**Requirement**
Omit the pictures and reproduce the rest of the listing exactly.

**Supplied information**
━━━━━━━━━━

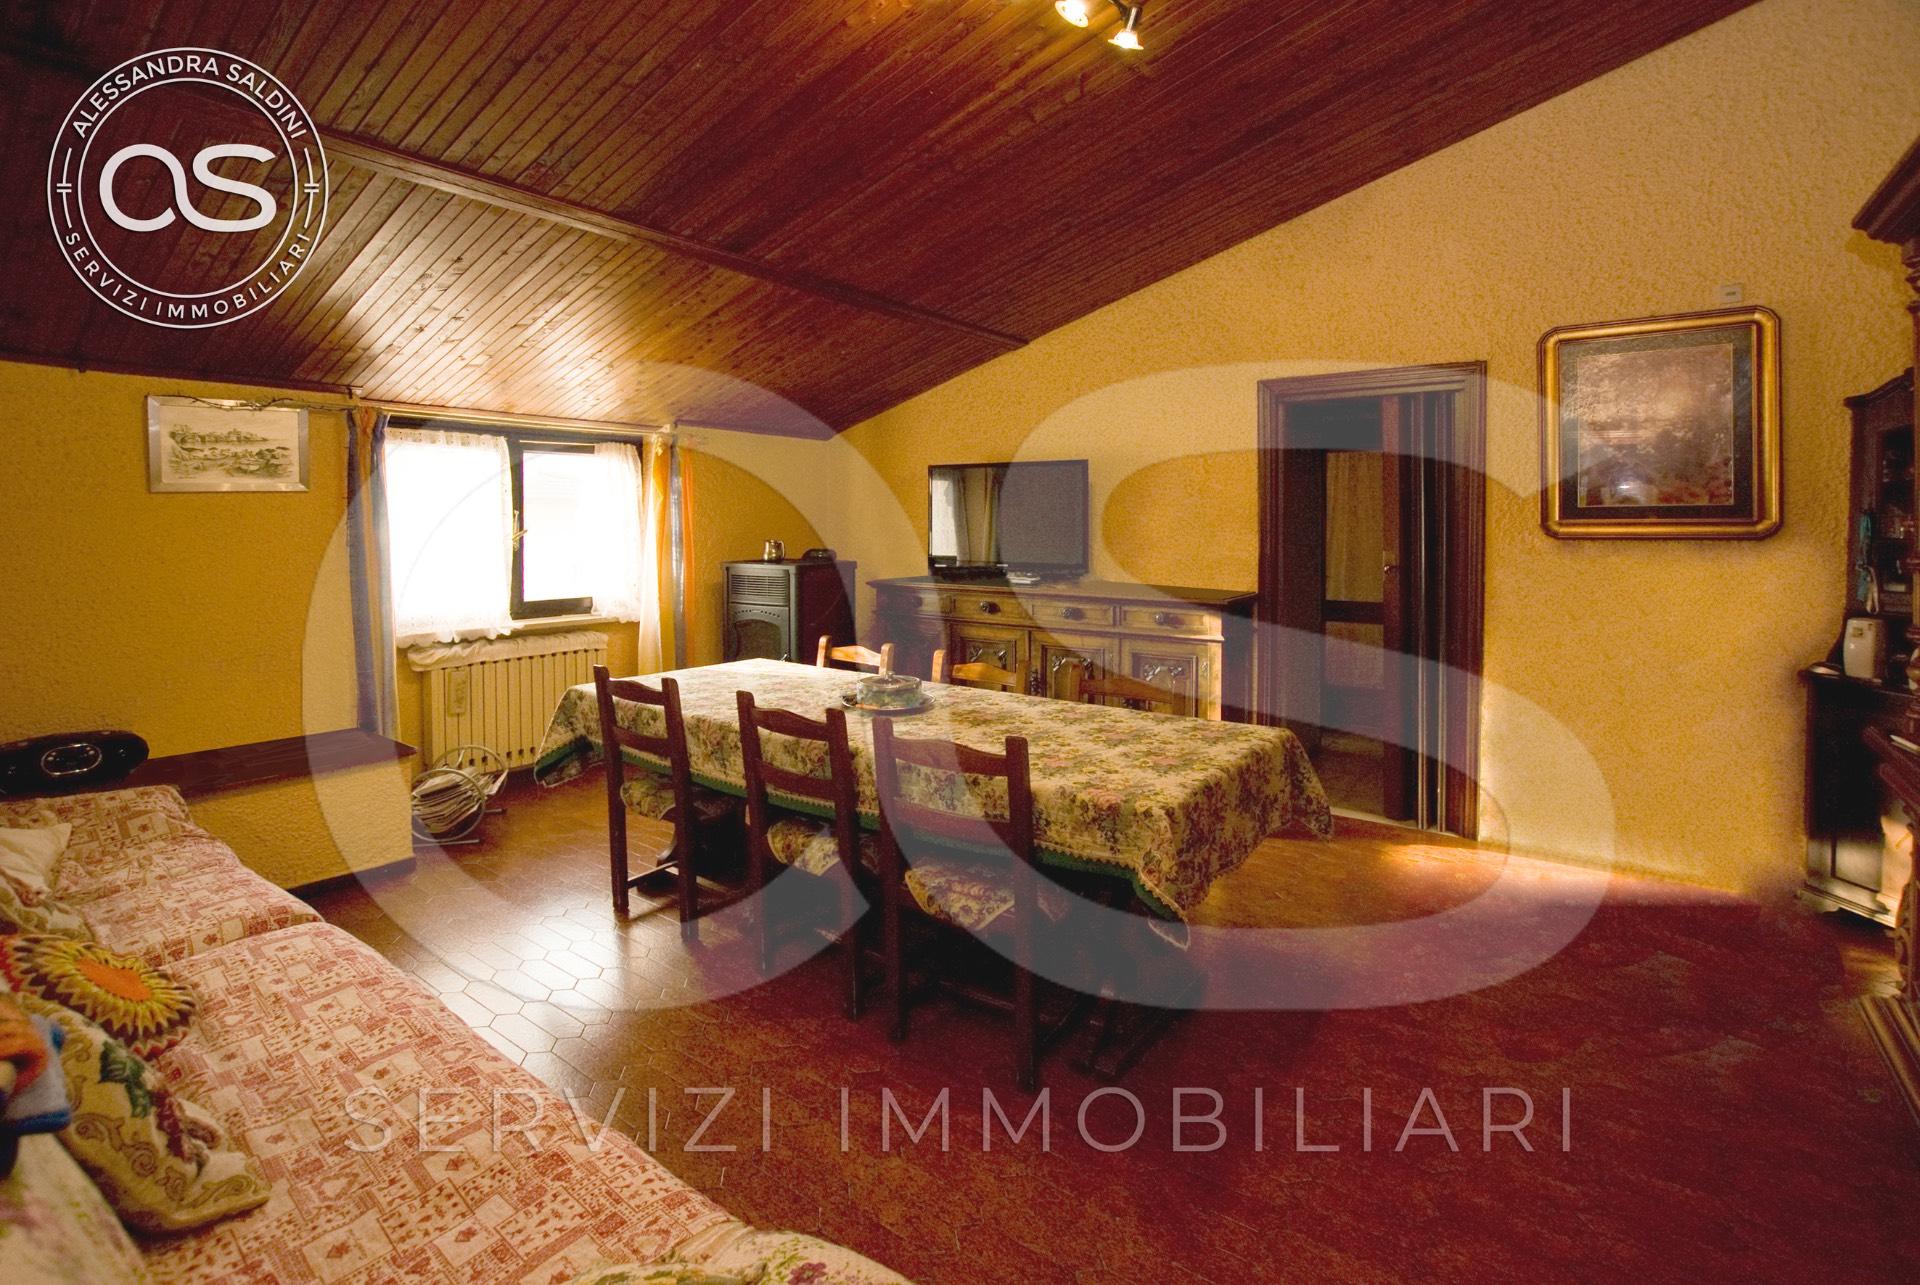 Appartamento in vendita a Leno, 3 locali, prezzo € 70.000 | CambioCasa.it
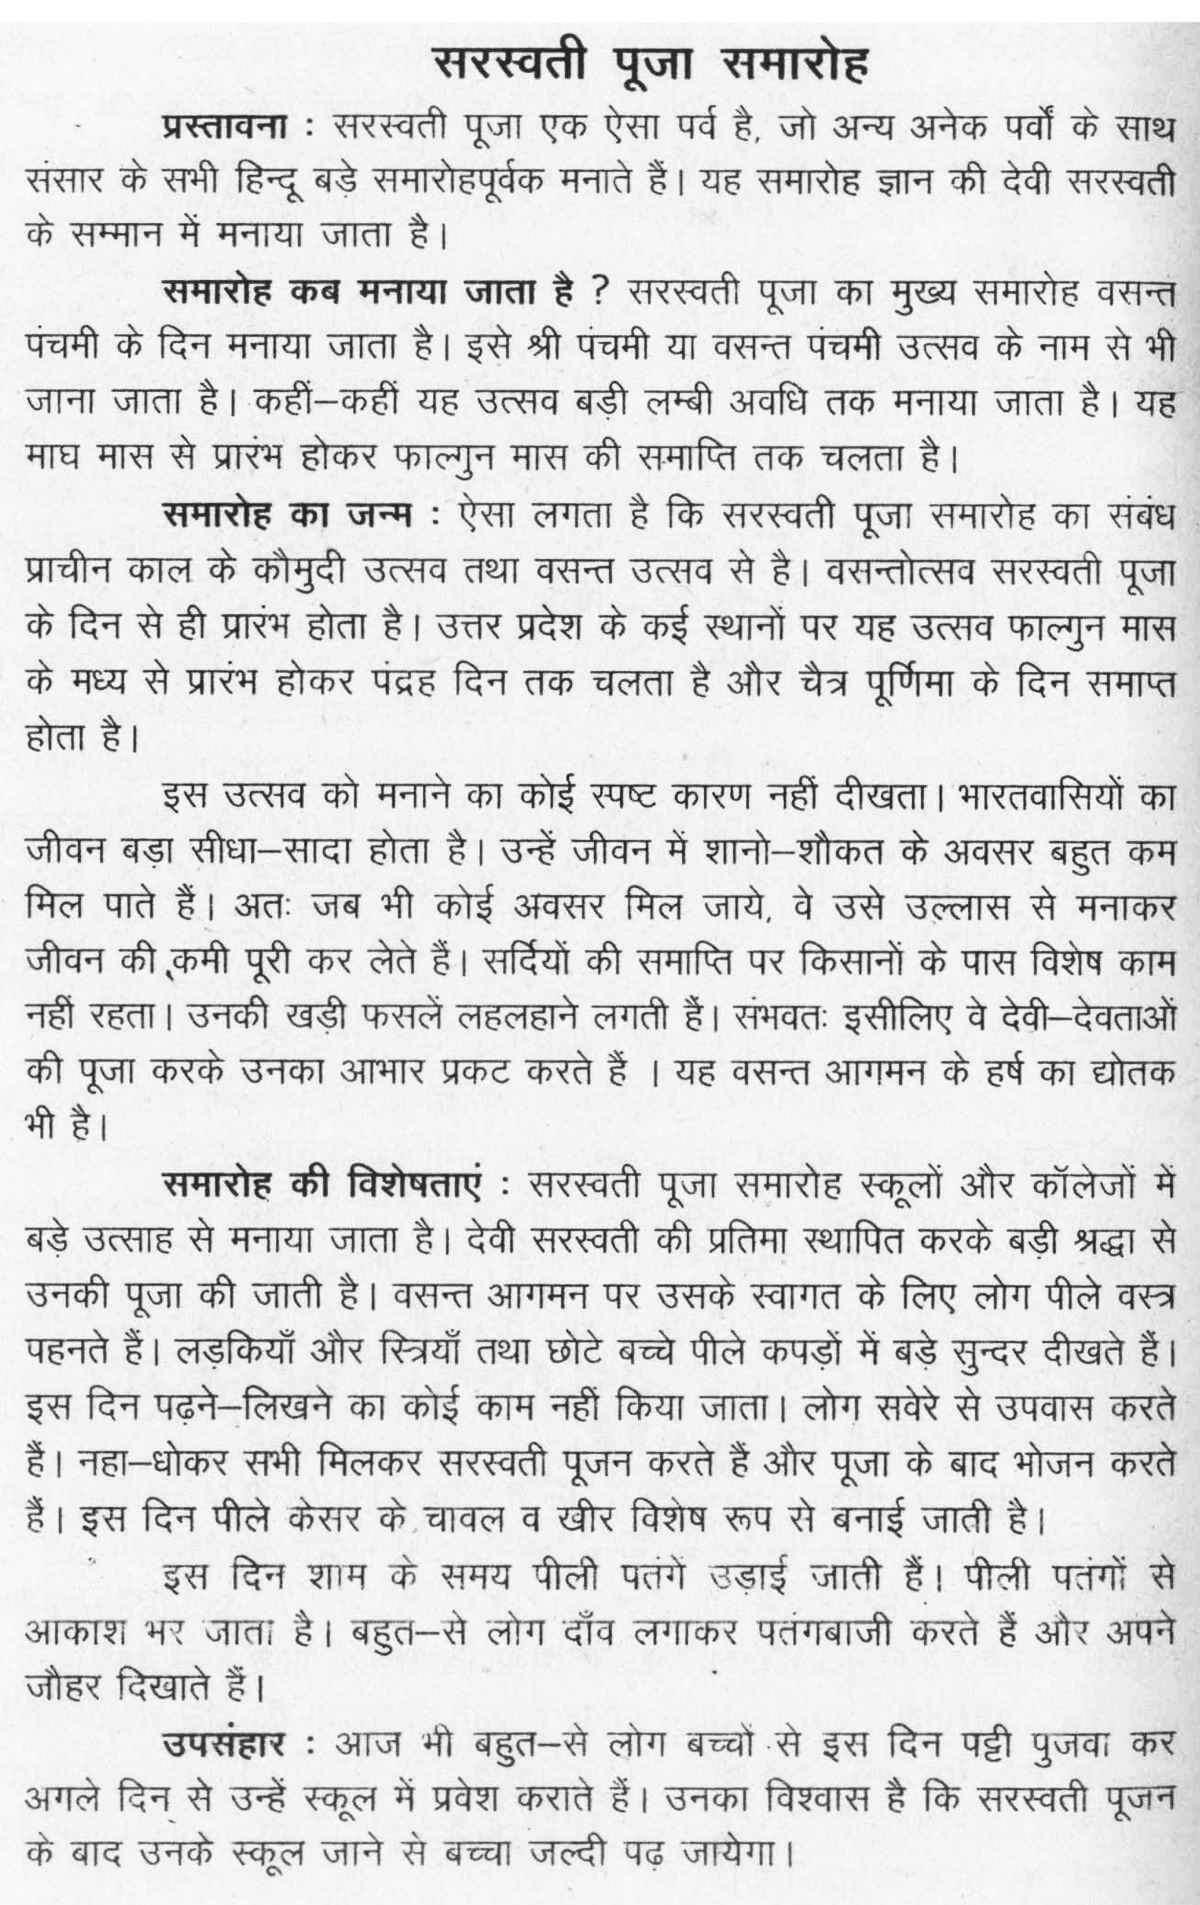 Durga Saptami Anchoring Script
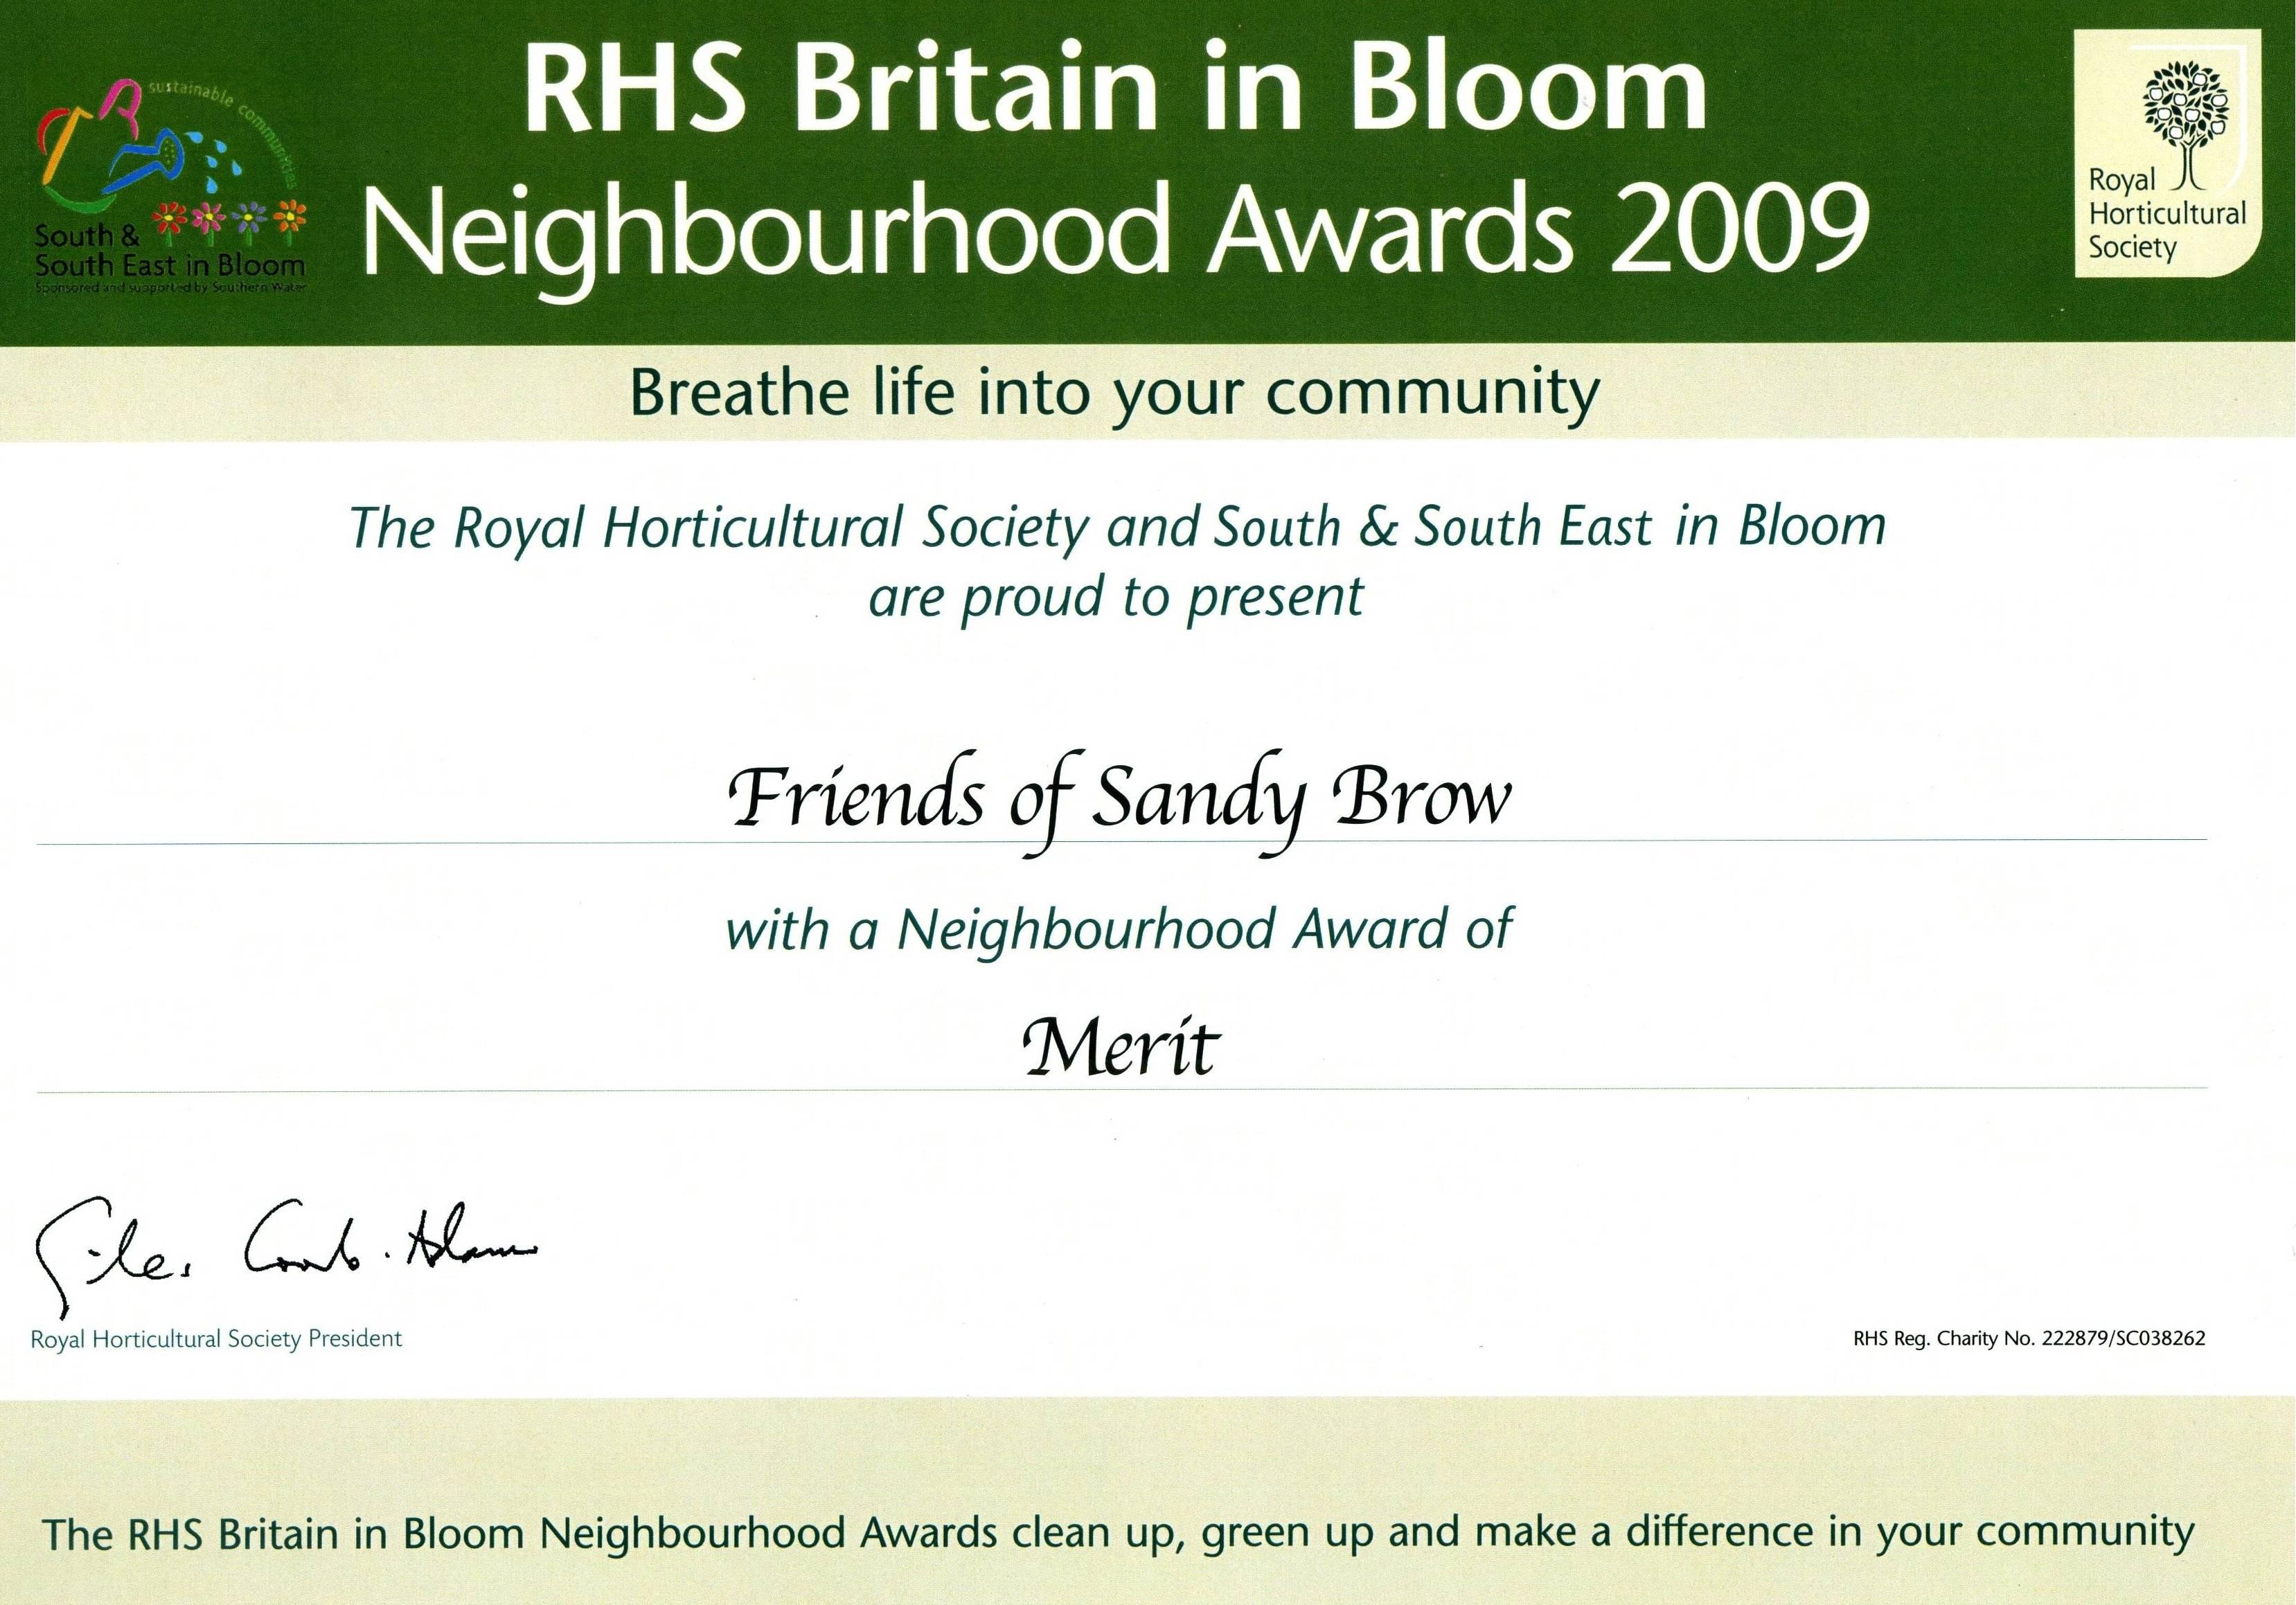 friends-of-sandy-brow-merit-cert-2009

━━━━━━━━━━

**Written response**
 Appartamento in vendita a Leno, 3 locali, prezzo € 70.000 | CambioCasa.it
 Durga Saptami Anchoring Script
 friends-of-sandy-brow-merit-cert-2009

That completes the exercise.